Is BigSMILES the Friend of Polymer Machine Learning?

Haoke Qiu,Zhao-Yan Sun
DOI: https://doi.org/10.26434/chemrxiv-2024-bxxhh-v2
2024-09-05
Abstract:Computational methods, exemplified by machine learning (ML), have provided theoretical guidance and solutions for the development of sustainable polymers, accelerating advancements in materials for societal needs such as equipment, environment, health, and green energy. In previous polymer ML workflows, the Simplified Molecular-Input Line-Entry System (SMILES) notation has consistently served as the primary representation of polymer structures, though the inherent randomness of polymers has long posed challenges for SMILES in the representation learning of polymer ML. Recently, BigSMILES and its extensions have paved the way for more versatile and concise representation of polymer structures. However, whether BigSMILES outperforms SMILES in polymer ML workflows has yet to be systematically explored and demonstrated. To fill this scientific gap, we conducted extensive experiments investigating this question, encompassing a variety of polymer property prediction and inverse design tasks based on both image and text inputs. Our findings reveal that in 11 tasks involving homopolymer systems, BigSMILES-based ML workflows exhibit performance comparable to or even exceeding that of SMILES, underscoring the efficacy of BigSMILES in representing polymer structures. Furthermore, BigSMILES offers a more compact textual representation compared to SMILES, significantly reducing the computational cost of model training, particularly for large language models. Through these comprehensive experiments, we for the first time demonstrate that BigSMILES can achieve performance on par with SMILES, while also facilitating faster model training and reducing energy consumption, which could have a substantial impact on a wide range of polymer tasks in the future, including property prediction (and classification) and polymer generation across various polymer types.
Chemistry
What problem does this paper attempt to address?

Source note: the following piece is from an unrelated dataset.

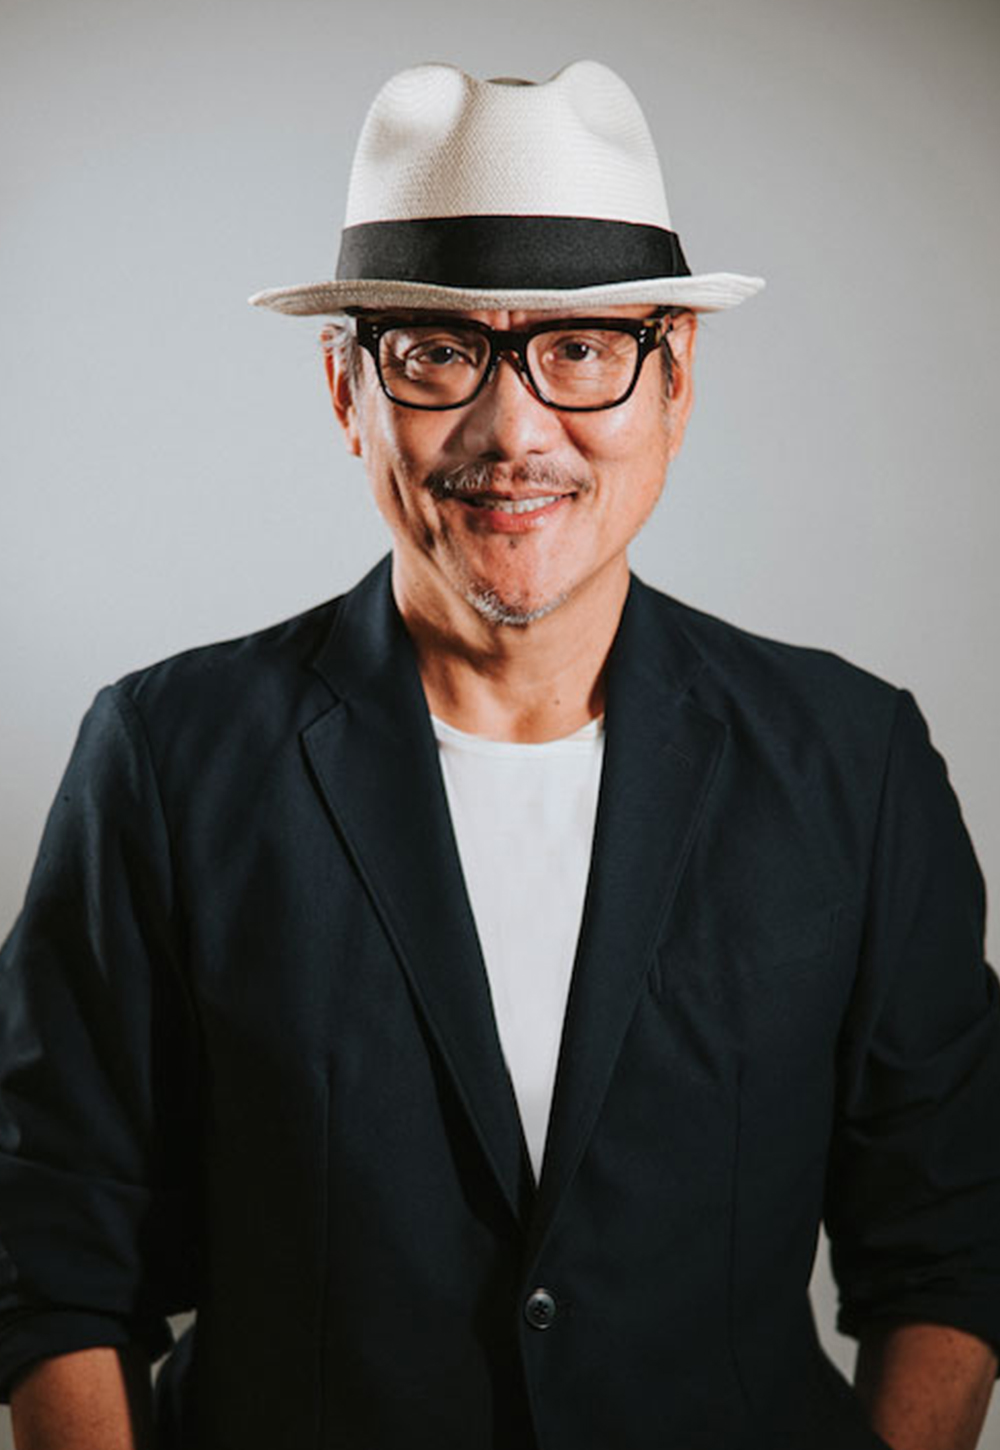 Iron Chef Masaharu Morimoto

### What problems does this paper attempt to solve? This paper aims to explore and verify the performance of BigSMILES representation in the polymer machine - learning (ML) workflow, especially its advantages and limitations when compared with the traditional SMILES representation. Specifically, the paper attempts to answer the following questions: 1. **Is BigSMILES better than SMILES?** Through a series of experiments, the paper systematically compares the performance of BigSMILES and SMILES in polymer ML tasks, including polymer property prediction and inverse design tasks. These tasks are based on image and text inputs and are evaluated using convolutional neural networks (CNN), deep neural networks (DNN), and large - language models (LLM). 2. **The compactness and computational efficiency of BigSMILES**: The paper investigates whether BigSMILES can provide a more compact text representation, thereby reducing the computational cost of model training, especially when dealing with large - scale language models. Research shows that BigSMILES can significantly shorten the training time and reduce energy consumption. 3. **The performance of BigSMILES in generation tasks**: The paper also explores the performance of BigSMILES in polymer generation tasks. Although BigSMILES performs well in some aspects, there are still challenges in generating chemically valid BigSMILES strings, which indicates the need for further optimization of BigSMILES' syntax rules and pre - training models. ### Main findings - **Performance comparison**: In 11 tasks involving homopolymer systems, the ML workflow based on BigSMILES shows performance equivalent to or better than that of SMILES. - **Compact representation**: BigSMILES provides a more compact text representation than SMILES, reducing the computational resources required for model training. - **Training speed**: In large - language models, BigSMILES has a faster training speed, which helps to accelerate model iteration and reduce energy consumption. - **Challenges in generation tasks**: Although BigSMILES performs well in some tasks, it still needs improvement in generating chemically valid BigSMILES strings. Overall, this paper fills the scientific gap of BigSMILES in polymer ML applications and provides an important reference for future research and applications.